Just like what you always say, let God be the judge.

Wow and the Princess even texted me using the number that I used to text which she always ignore. She was saying about SORRY…HOPE YOU CAN ALREADY FORGIVE…And to add to her pile of sins against me, she even mentioned about me telling the truth to Hubby. Ha????

OK so let’s see now who’s telling the truth:
Mat-mat told you a story about Renz boasting about me to a friend in Kalibo. That Mat-mat even told you that if I were there I won’t like what I will hear too. >>> I confronted the ‘friend’ and asked him what did he exactly say? As expected, statements that were supposed to be taken as a joke. Besides, am I that rich to be worthy of any showing off? And when I informed mat-mat about what I found out, she simply answered AYOS A. The Queen of the Liar and the Princess of Halitosis, what a match!

You confronted me about that in addition to asking, with matching sideways sharp look in JD-Emilion, is Renz your BF. I honestly said NO. We hold hands because we’re friend and we already have a mutual understanding. So is that Boyfriend-Girlfriend whatsoever? And you insisted on your reasoning saying that what I’m doing is non-Christian. >>> So when you stayed in one room for months with a Korean student of yours, was that very Christian?

Oh and have you forgotten what two statements you mentioned to me before we parted ways? I SHOULDN’T COUNT ON ANYTHING AGAINST YOU BECAUSE WHAT HAS HAPPENED IN THE PAST IS PAST. That I BUY FRIENDS?

Most importantly, stop telling to people that I WALKED OUT. Becauseiof you have a sharp memory you will clearly recall that you left our table first before me. It was only outside when we parted ways – you were left outside with no keys to my room.  And when you came to the apartment where is the newly bought venetian blinds?  Hmmm maybe I should add that up to your list of debts.  My memory always serves me right. That’s why I’m consistent. How about you?

The thing is – BE HONEST! Stop making new statements every now and then!!!

Oh you even said that lie detector tests aren’t right? hahaha! Only shows how proud you are.
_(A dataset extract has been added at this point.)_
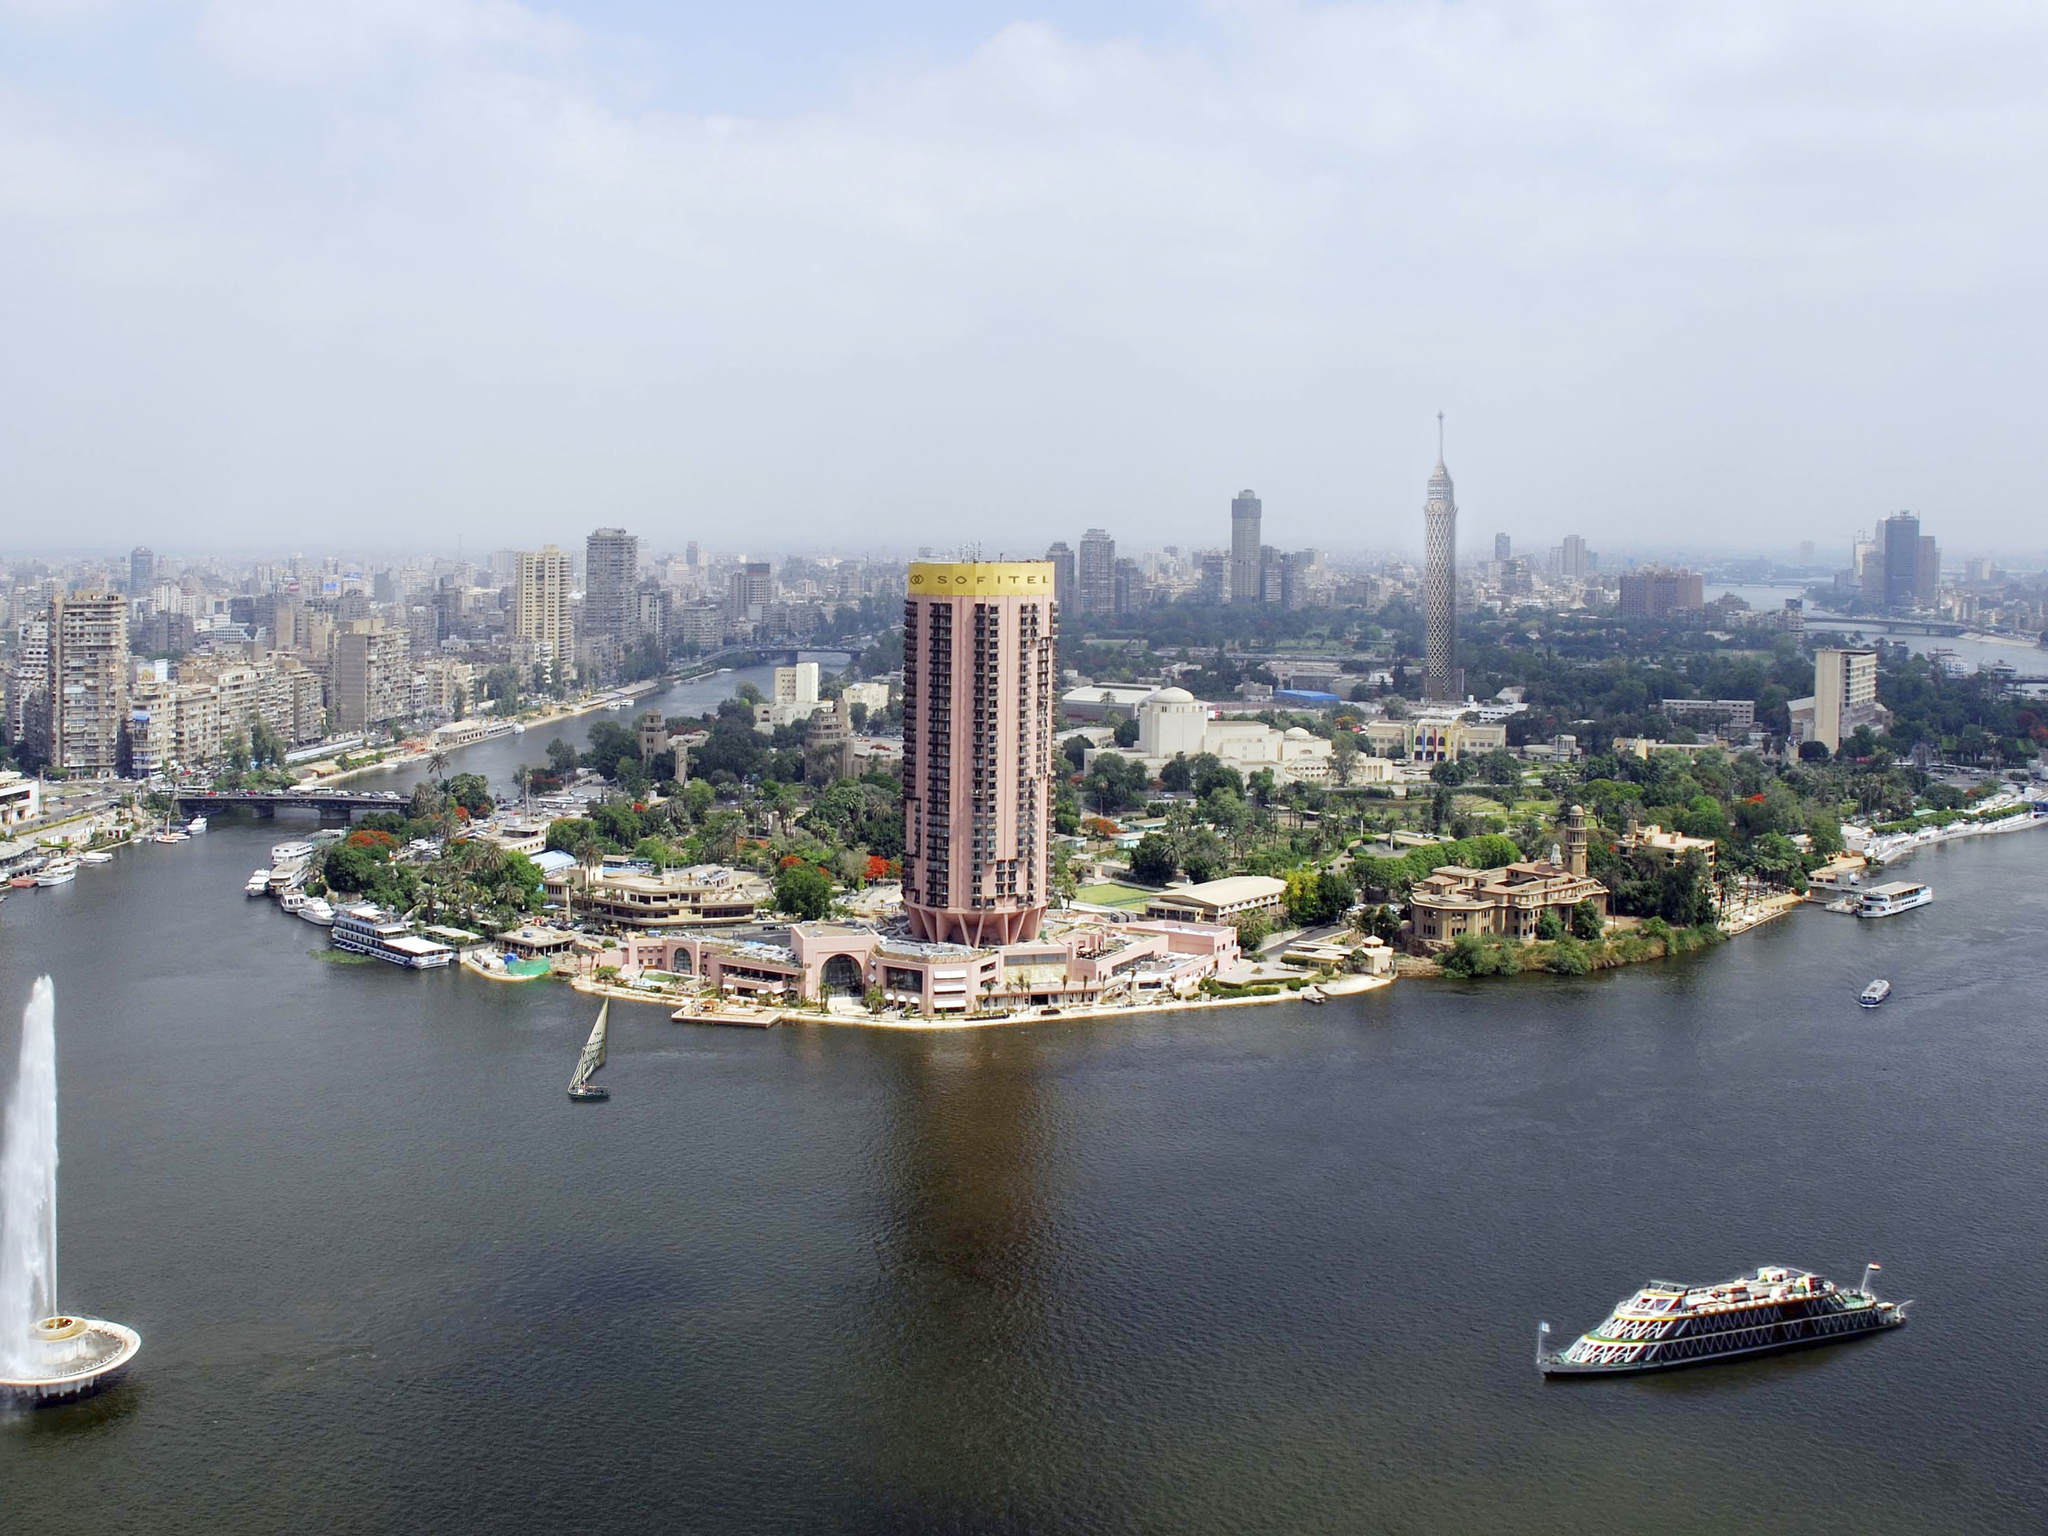 Hotell – Sofitel Cairo Nile El Gezirah

Your brother is almost speaking up. I just want to know that. Soon enough your own brother will disclose your top secrets to me. Let’s see who will win in the end – the HONEST UGLY DUCKLING who has nobody or the BEAUTIFUL LIAR PRINCESS WITH HER PIGGY ALLY AND AND HER FAMILY.

Since you left a warning that you will come here again, I will make sure that during that time, you will see me, you will pay me, and you will spend a night or two in jail!

If I were you, stop believing that you are still dealing with the soft-hearted Jacqui. But rest assured that you will be dealt with accordingly, PROFESSIONALLY, MATURELY, and LEGALLY.